We continued towards Shymkent and the only border crossing for foreigners into Uzbekistan 60km south west of Tashkent. Getting out of Kazakhstan was a breeze, but getting into Uzbekistan was a nightmare! Since we had just boasted that we had done 65 borders and over 100 border crossings (if you include the Multi entry ones) with not much hassle (except Mozambique to Zimbabwe 5 hours) this one took us 24 Hours and included an overnight stop at customs. Reason: they demanded US$4000 cash to allow our truck into Uzbekistan! This was later reduced to US$400. The reason they gave was a new road tax for trucks over 9000KG, and as a Dutch registered truck Holland was on the list of countries to be charged. This was the new rule. We refused to pay so the waiting game started. As we always do we bring out the chairs, pull out the awning and get comfortable. They did not like this. We told them, “All you have to do is give us the stamp and we will be on our way, mate”. No luck so we made the bed at 10pm and went to sleep. Only to be woken at 2.30am by 11 Russian truck drivers who were angry that they could not get through because their trucks were bigger than ours. We decided to move so they could pass. the next morning the chief arrived; we had a chat (Russian-Dutch-Australian) and 7 hours later we entered Uzbekistan. Other issues are the daily registration and diesel shortage, so we were not getting a very good first impression. The standard answer from the customs agents is “You do the same to us when we enter the EU”. I suppose they are probably right too, but as it is all around the world, once you deal with the locals they are the friendliest people you can imagine.

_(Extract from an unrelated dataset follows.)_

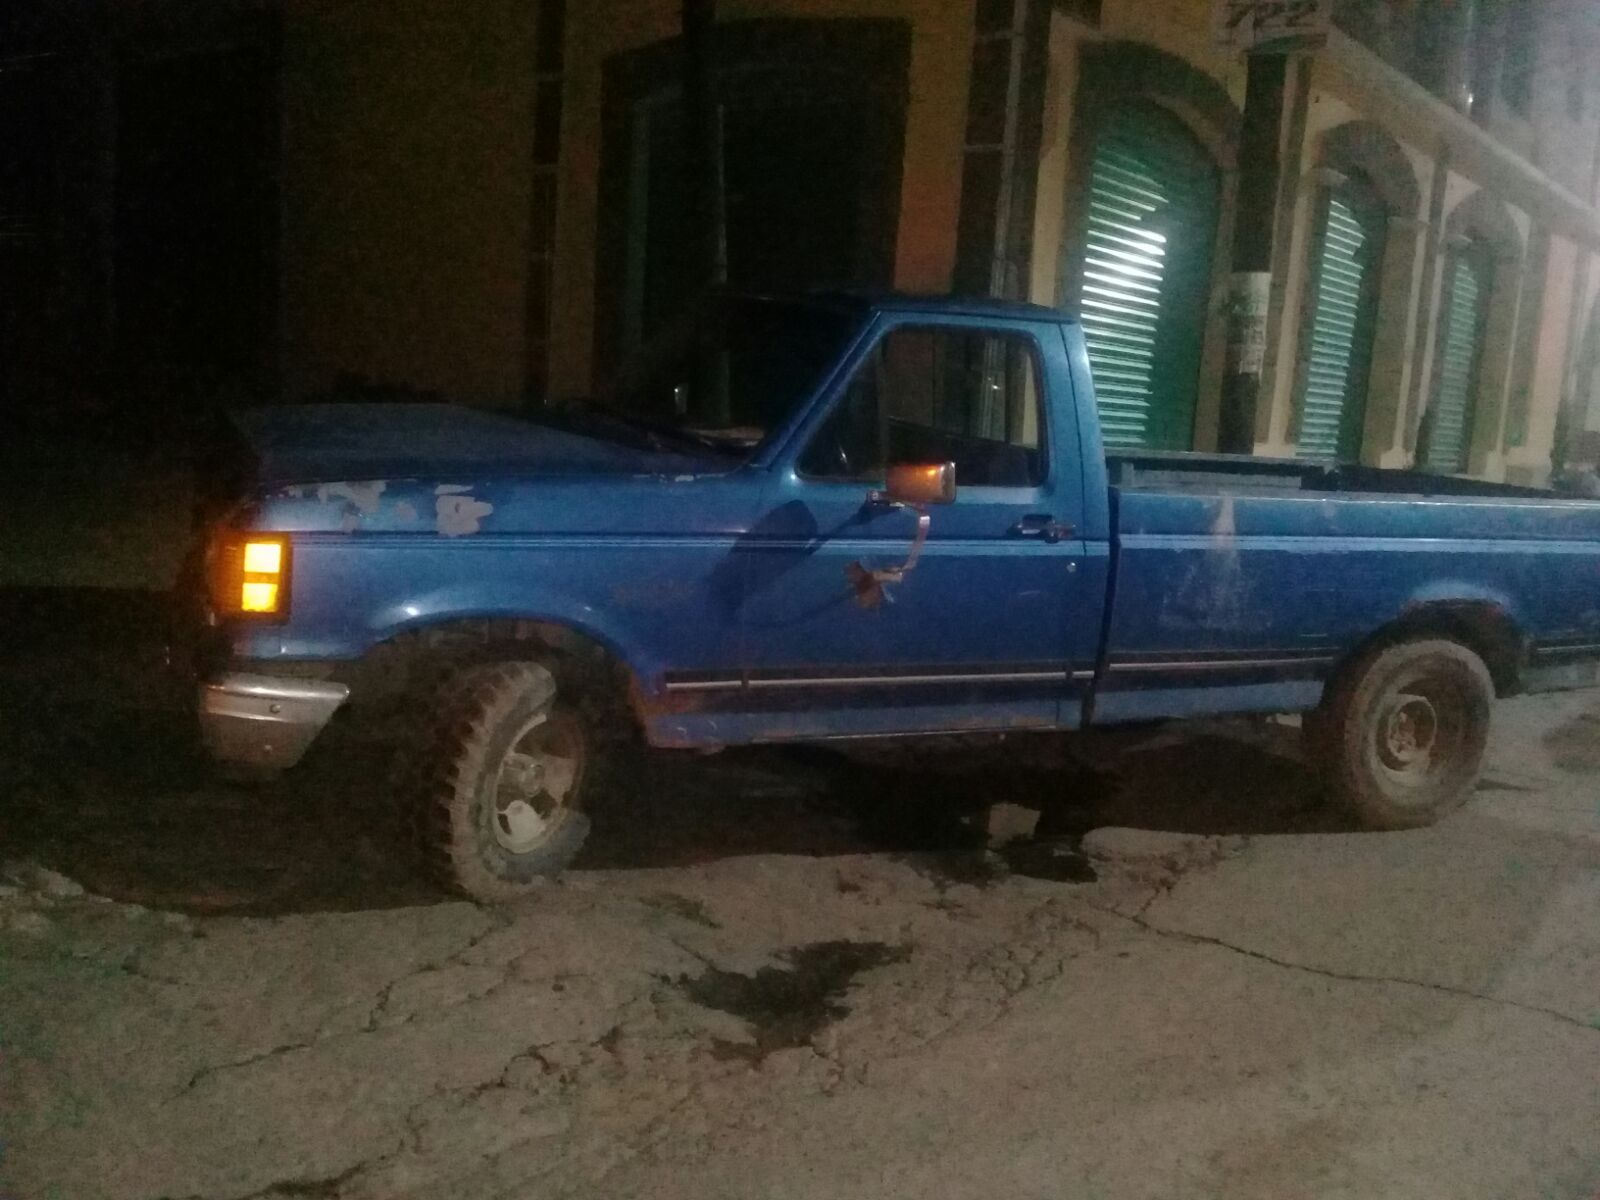 Policía Municipal recupera camioneta en operativo camioneta robada

Our first stop was Tashkent, the Capital of Uzbekistan. We found a nice spot in the carpark of Hotel Uzbekistan and it was free. But no registration was included. For this they wanted us to book a room and pay US$150. “You must be kidding me!” I said. “No, we are not” was the reply. Anyway, we shopped around and found a travel agent and booked the same hotel for US$75 or 50 Euro. We needed to do some shopping, organize a sim card/internet and change some money. Imagine you live in a country where there is hardly any diesel available, but plenty on the black market! Imagine living in a country where the official bank rate is 2100Sum for 1USD but on the black market you get 2700Sum. Welcome to Uzbekistan. As we travelled around town we visited the old town. (or what is left of it since the 1966 Earthquake). The mud – brick houses and very nice courtyards in narrow streets means you can easily get lost.
Next was the busy Chorsu Bazaar for the shopping. Last visit was to the Khast Imom. We went back to test our patience while trying to get some internet, but this didn`t work very well resulting in many emails being returned.
That night we had to try some local food and the Tashkent nightlife. What an experience and it made us forget the frustrating time we had at customs. We left Tashkent around 11am in the morning after a good breakfast at Hotel Uzbekistan. We received our much-needed registration paper from the hotel and off we went. Traffic was light so no issues, until we took the wrong turn and finished up on an unused freeway M39. How would you know? Well we didn`t see any more cars so we decided to turn around and find the M34 South towards Termiz.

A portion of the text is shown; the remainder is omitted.